I believe one of the maids, Charlene, smoked marijuana. I recall a smoky smell about her that was not tobacco, as she did not smoke cigarettes.
I believe one of the maids, Charlene, smoked marijuana. I recall a smoky smell about her that was not tobacco, as she did not smoke cigarettes.
Posted on 7/1/15 at 2:01 pm to TigerPanzer
quote:
I believe one of the maids, Charlene, smoked marijuana
You hit that shite didnt you? I know you did...
Posted on 7/1/15 at 2:12 pm to Pavoloco83
quote:
You hit that shite didnt you? I know you did...
The reefer? The maid? Both? Well, I was 7 years old, certainly old enough.
Come to think of it, I had my first touch-'n-feel experiences when I played Doctor with my two neighbors, Meta H. and Vanessa Dupuque, when we were all about 6. Small world, Meta and I are still friends more than 50 years later.
Ah, good old New Orleans. Fond memories.
Posted on 7/1/15 at 2:27 pm to TigerPanzer
Look up John Besh. He has a cook book I own that is really interesting to read if you are looking a coastal / New Orleans cuisine. It is actually surprising how many influences there are on the cuisine in the area. For example he owns Luke. It is a a New Orleans spin to a German restaurant due to the large number of German immigrants there (who would have thought that's tye reason we now have andouille & boudin)
Posted on 7/1/15 at 2:29 pm to ABearsFanNMS
quote:
Look up John Besh.
Thanks. Will do!
Posted on 7/1/15 at 2:35 pm to BarkRuffalo
Breaded fried chicken can stay unspoiled without refrigeration for a week. It was a quick and easy way to feed slaves in transport. Just give em a bucket for the road. On the plantations, slaves were usually just given scraps, just the bitter barely edible greens of vegetables and whatnot, and told to make do. Soul food comes directly from the oppression of slavery.

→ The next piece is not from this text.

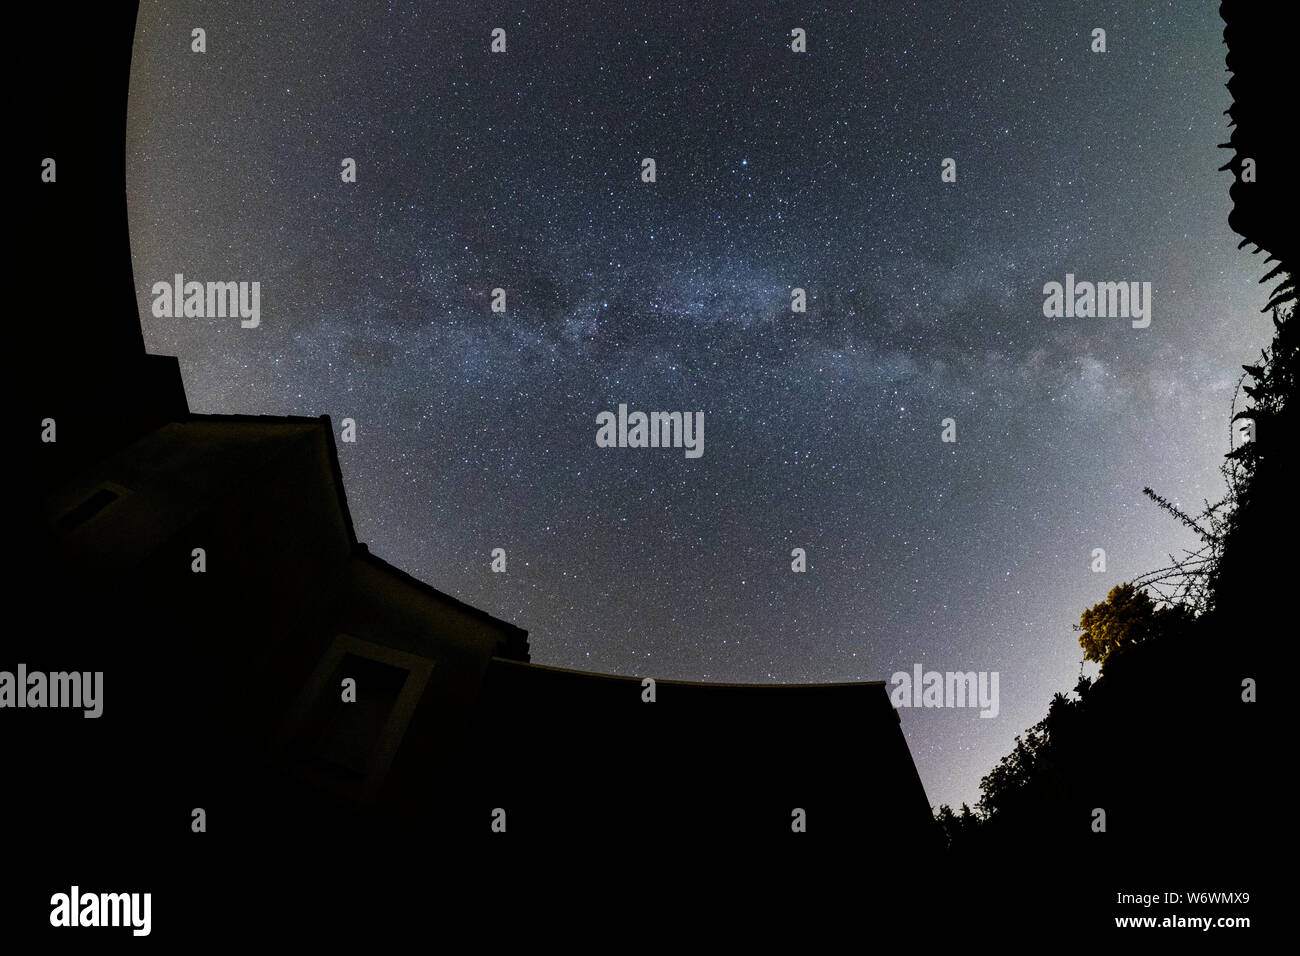 Sablet, The Vaucluse, France. 3rd August 2019. Clear dark skies in southern France show the Milky Way appearing brightly in the night sky above a village house. Credit: Malcolm Park/Alamy Live News. Stock Photo

This post was edited on 7/1/15 at 2:36 pm
Posted on 7/1/15 at 2:50 pm to BarkRuffalo
Soul food is southern food. Southern food is soul food. They are one in the same. Go up north and see for yourself. Black culture is southern culture.
Posted on 7/1/15 at 2:58 pm to genro
quote:
On the plantations, slaves were usually just given scraps, just the bitter barely edible greens of vegetables and whatnot, and told to make do.
Many slaves were given a small plot of land to grow their own food on. They also ate a lot of bread and fatty meat.
Posted on 7/1/15 at 3:03 pm to CatFan81
Posted on 7/1/15 at 3:03 pm to genro
quote:
Soul food comes directly from the oppression of slavery.
And ribs! fricking ribs. Crackers used to throw that shite out.